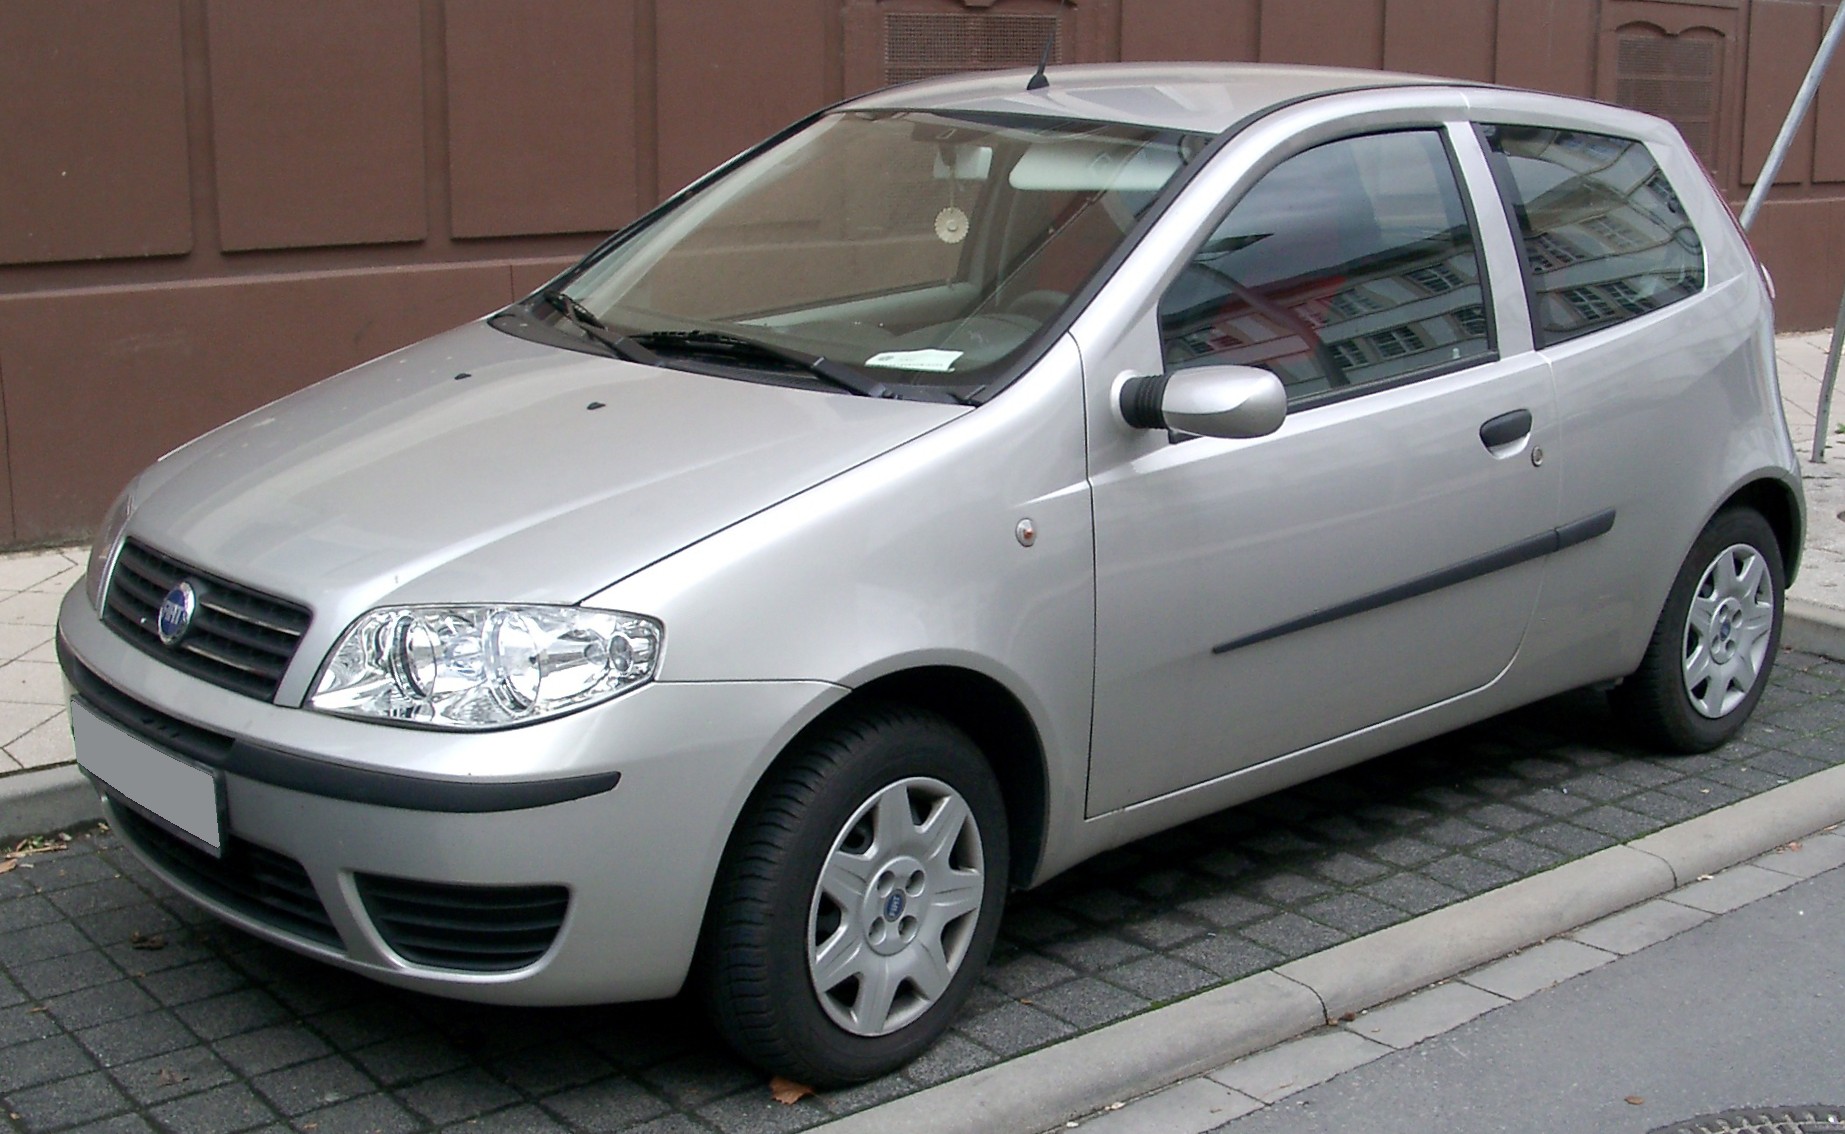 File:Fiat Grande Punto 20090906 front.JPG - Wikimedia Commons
==
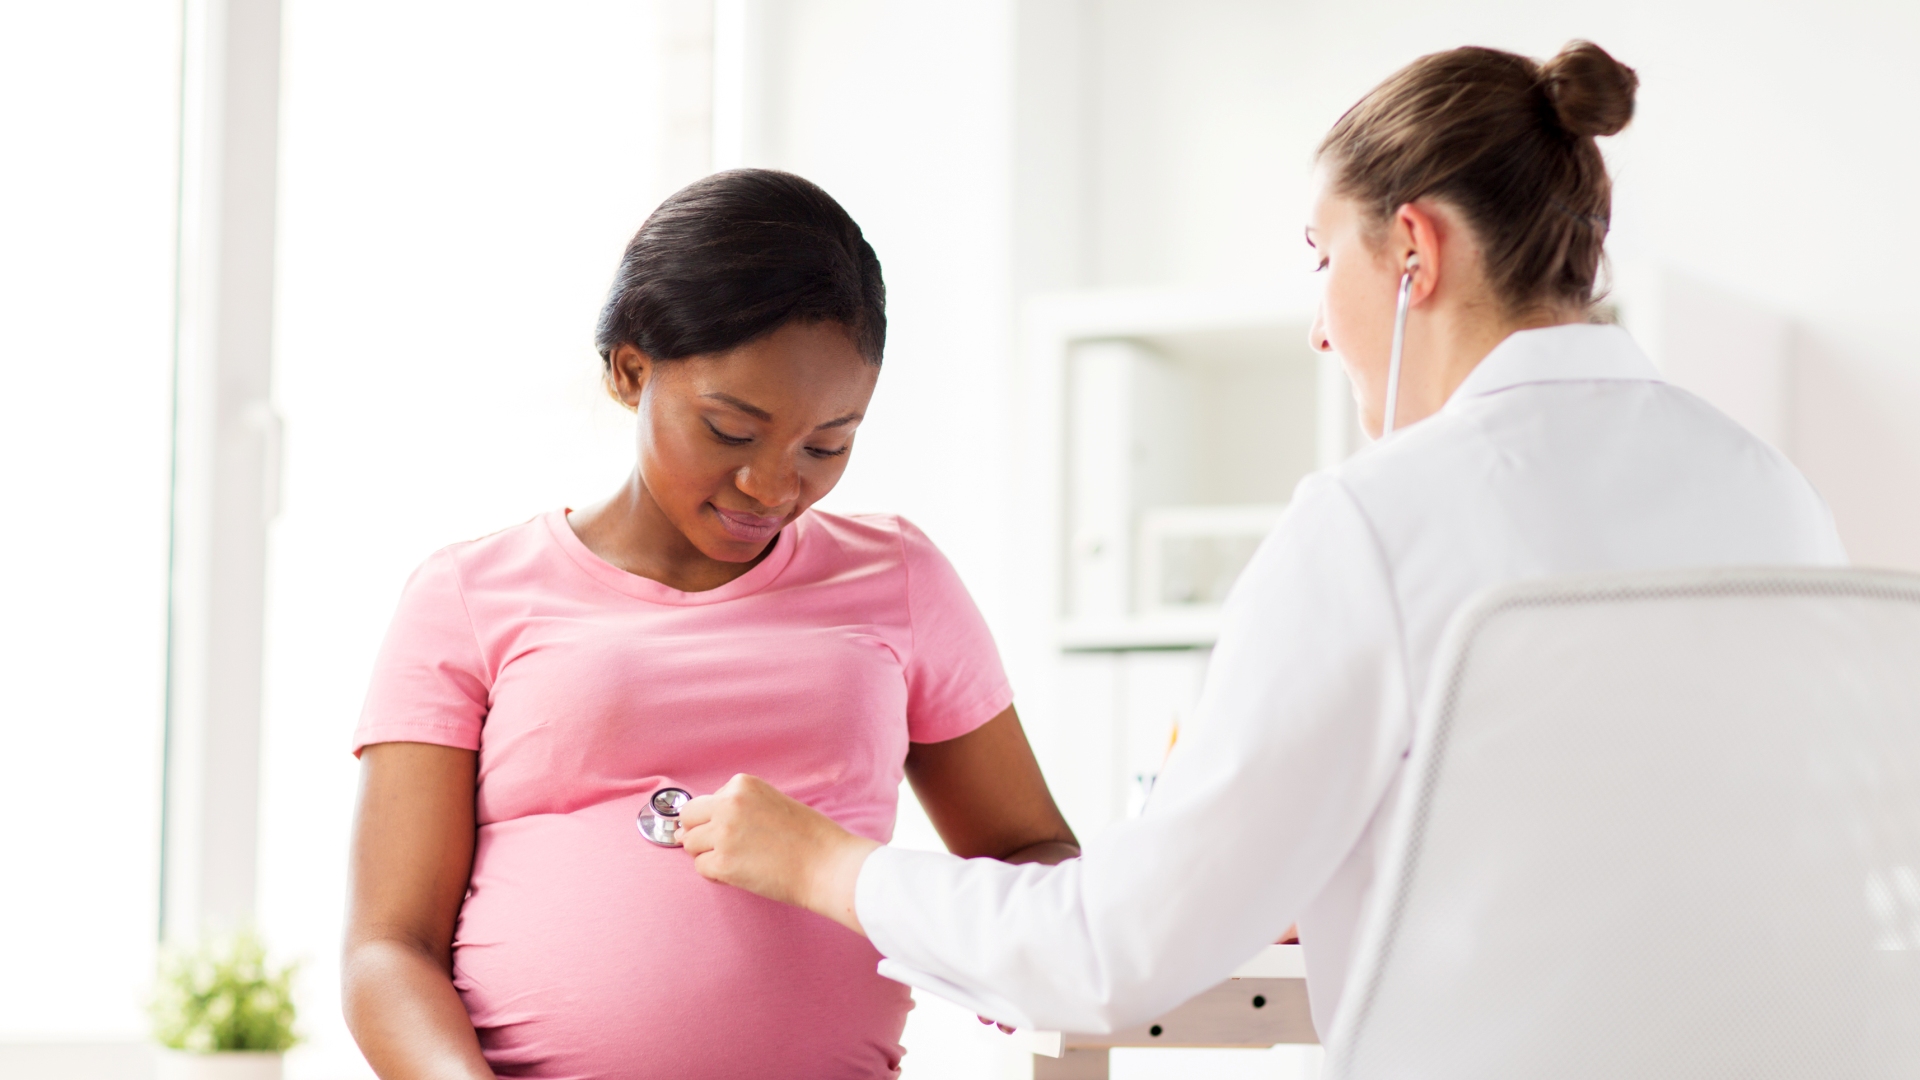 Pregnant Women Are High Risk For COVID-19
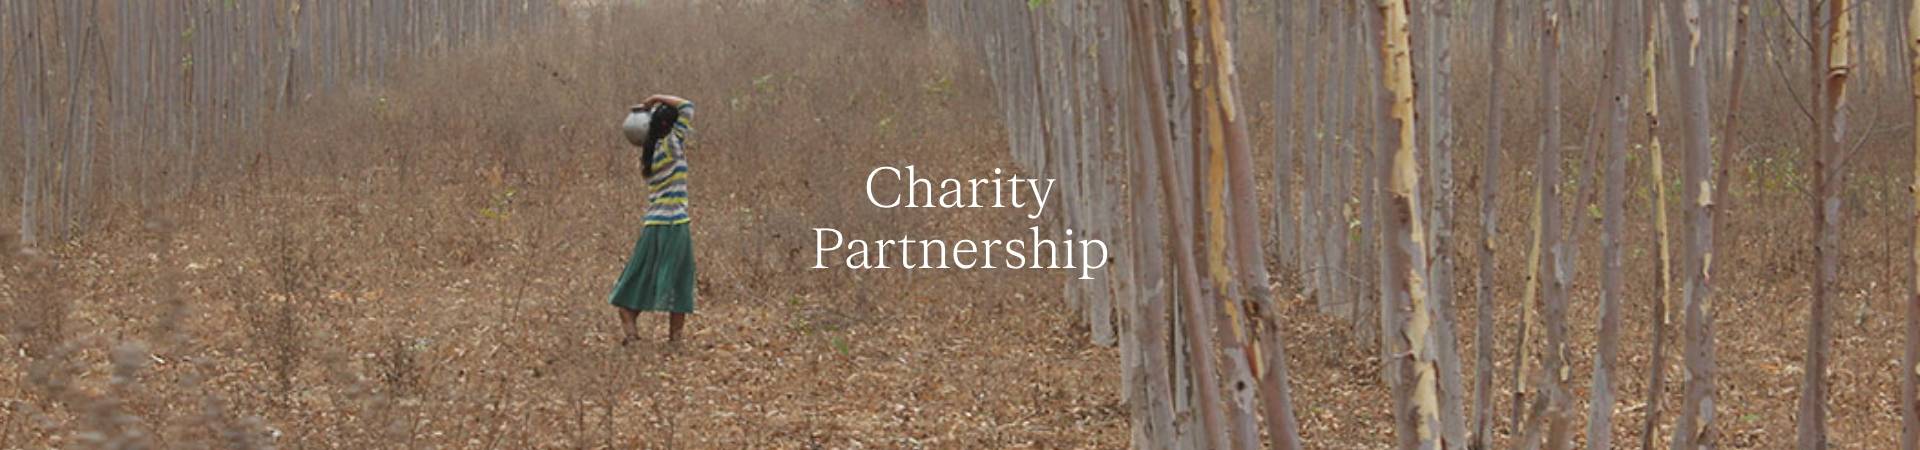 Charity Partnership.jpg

_What is expected_
In the listing above, find the line with "Pregnant Women Are High Risk For COVID-19" and the line with "Charity Partnership.jpg". Set down exactly those lines and everything between them, skipping pictures.

_Task result_
 Pregnant Women Are High Risk For COVID-19
 Charity Partnership.jpg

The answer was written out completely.